Returns a changeset for tracking test case changes.

Creates a new suite.

Creates a new suite run.

Creates a new test case.

Creates a test case document.

Deletes a suite.

Deletes a suite run.

Deletes a test case.

Deletes a test case document.

Executes a test suite against a prompt version and provider.

Gets a suite by ID, raising if not found.

Gets a suite run by ID, raising if not found.

Gets a suite by ID with prompt preloaded, raising if not found.

Gets a suite with all test cases preloaded.

Gets a suite with test cases and prompt preloaded.

Gets a test case by ID, raising if not found.

Gets a single test case document.

Gets a test case with documents preloaded.

Lists all suite runs in the system.

Gets suite runs for a specific suite.

Gets suite runs for a specific suite with prompt_version and provider preloaded.

Lists all suites in the system.

Lists all suites with their associated prompt preloaded.

Lists all test cases in the system.

Calculates pass rates grouped by prompt.

Reloads a suite run with associations preloaded.
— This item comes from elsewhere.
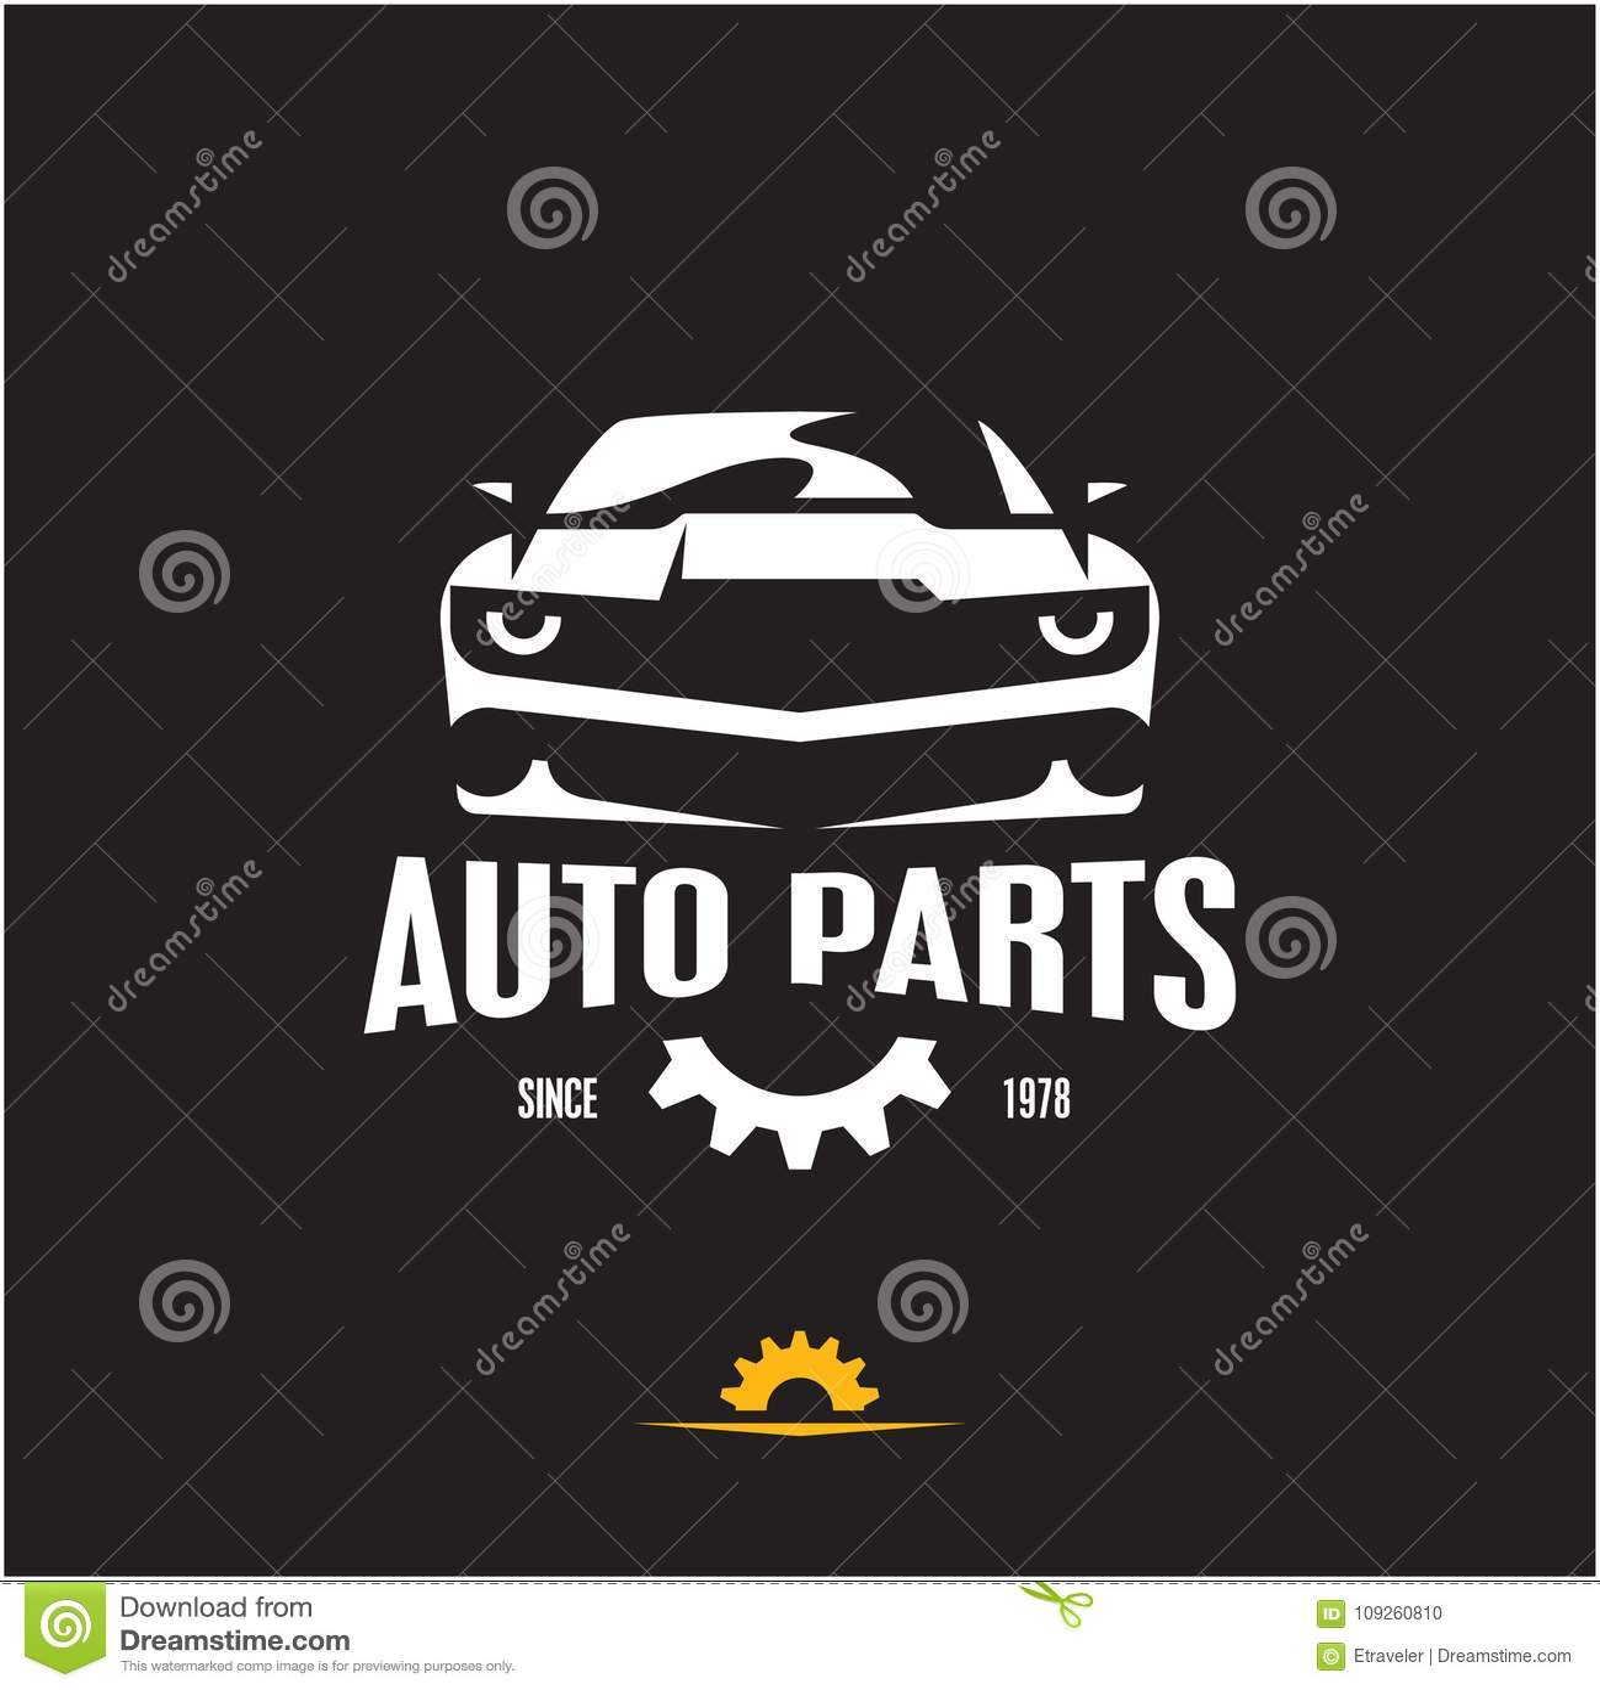 Car Parts Icon, Auto Parts Label, Sports Car Silhouette Stock Vector ...
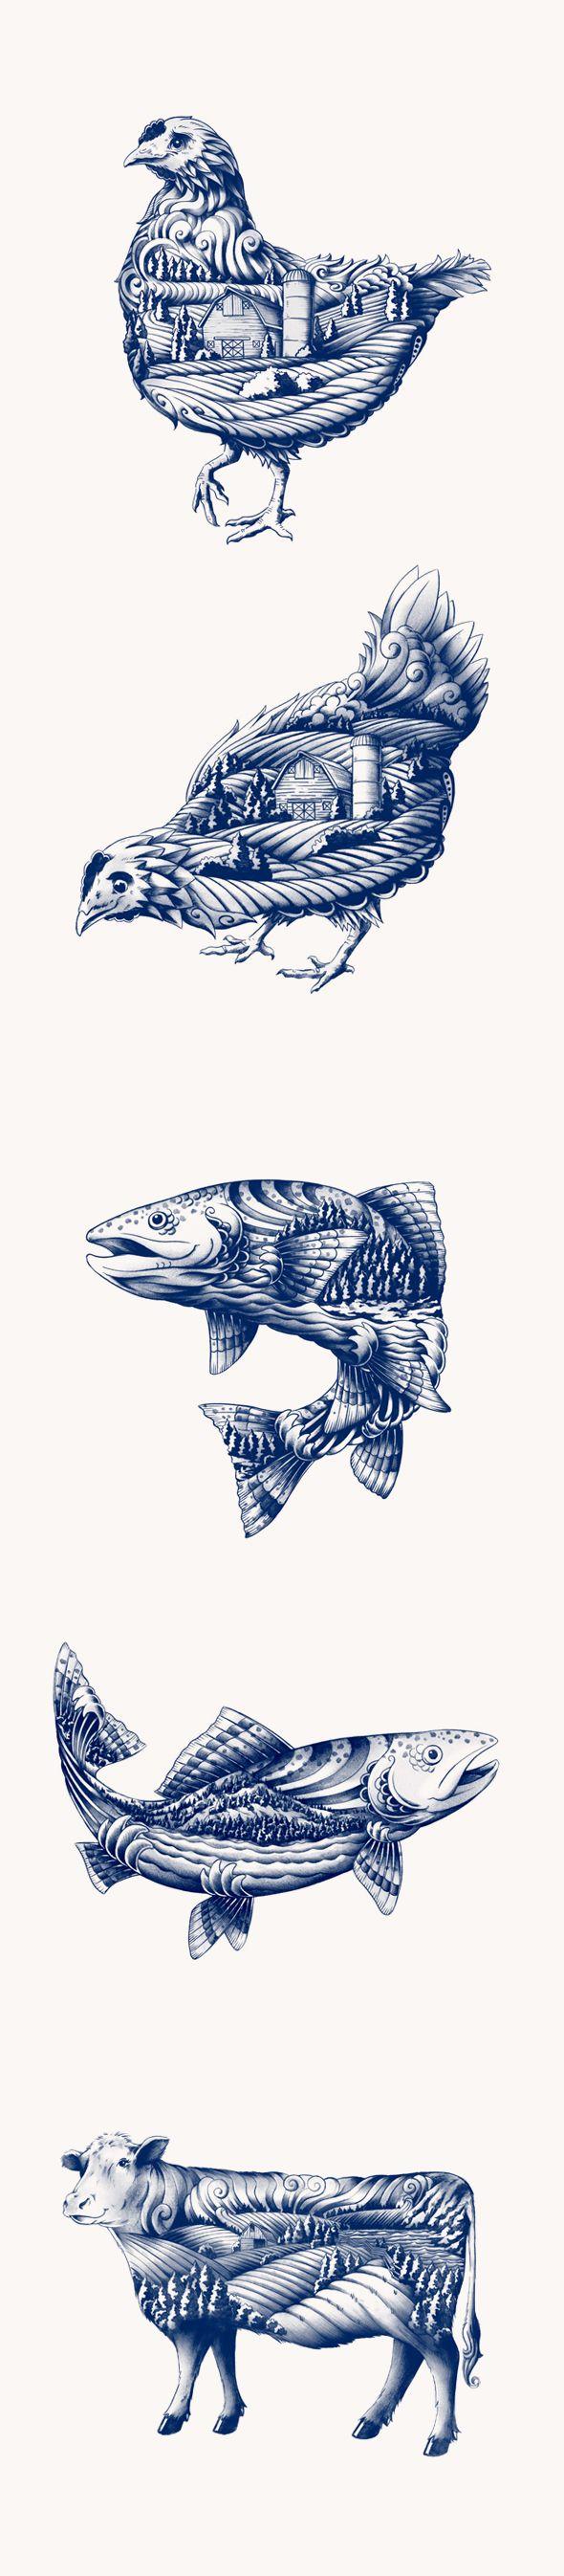 96 best illustration images on pinterest animal logo graph design blue goose izmirmasajfo

Updates an existing suite.

Updates an existing test case.

Functions

change_suite(suite, attrs \\ %{})

@spec change_suite(Aludel.Evals.Suite.t(), map()) :: Ecto.Changeset.t()

Returns a changeset for tracking suite changes.

change_test_case(test_case, attrs \\ %{})

@spec change_test_case(Aludel.Evals.TestCase.t(), map()) :: Ecto.Changeset.t()

Returns a changeset for tracking test case changes.

create_suite(attrs \\ %{})

@spec create_suite(map()) ::
  {:ok, Aludel.Evals.Suite.t()} | {:error, Ecto.Changeset.t()}

Creates a new suite.

create_suite_run(attrs \\ %{})

@spec create_suite_run(map()) ::
  {:ok, Aludel.Evals.SuiteRun.t()} | {:error, Ecto.Changeset.t()}

Creates a new suite run.

create_test_case(attrs \\ %{})

@spec create_test_case(map()) ::
  {:ok, Aludel.Evals.TestCase.t()} | {:error, Ecto.Changeset.t()}

Creates a new test case.

create_test_case_document(attrs \\ %{})

@spec create_test_case_document(map()) ::
  {:ok, Aludel.Evals.TestCaseDocument.t()} | {:error, Ecto.Changeset.t()}

Creates a test case document.

delete_suite(suite)

@spec delete_suite(Aludel.Evals.Suite.t()) ::
  {:ok, Aludel.Evals.Suite.t()} | {:error, Ecto.Changeset.t()}

Deletes a suite.

delete_suite_run(suite_run)

@spec delete_suite_run(Aludel.Evals.SuiteRun.t()) ::
  {:ok, Aludel.Evals.SuiteRun.t()} | {:error, Ecto.Changeset.t()}

Deletes a suite run.

delete_test_case(test_case)

@spec delete_test_case(Aludel.Evals.TestCase.t()) ::
  {:ok, Aludel.Evals.TestCase.t()} | {:error, Ecto.Changeset.t()}

Deletes a test case.

delete_test_case_document(document)

@spec delete_test_case_document(Aludel.Evals.TestCaseDocument.t()) ::
  {:ok, Aludel.Evals.TestCaseDocument.t()} | {:error, Ecto.Changeset.t()}

Deletes a test case document.

execute_suite(suite, version, provider)

Executes a test suite against a prompt version and provider.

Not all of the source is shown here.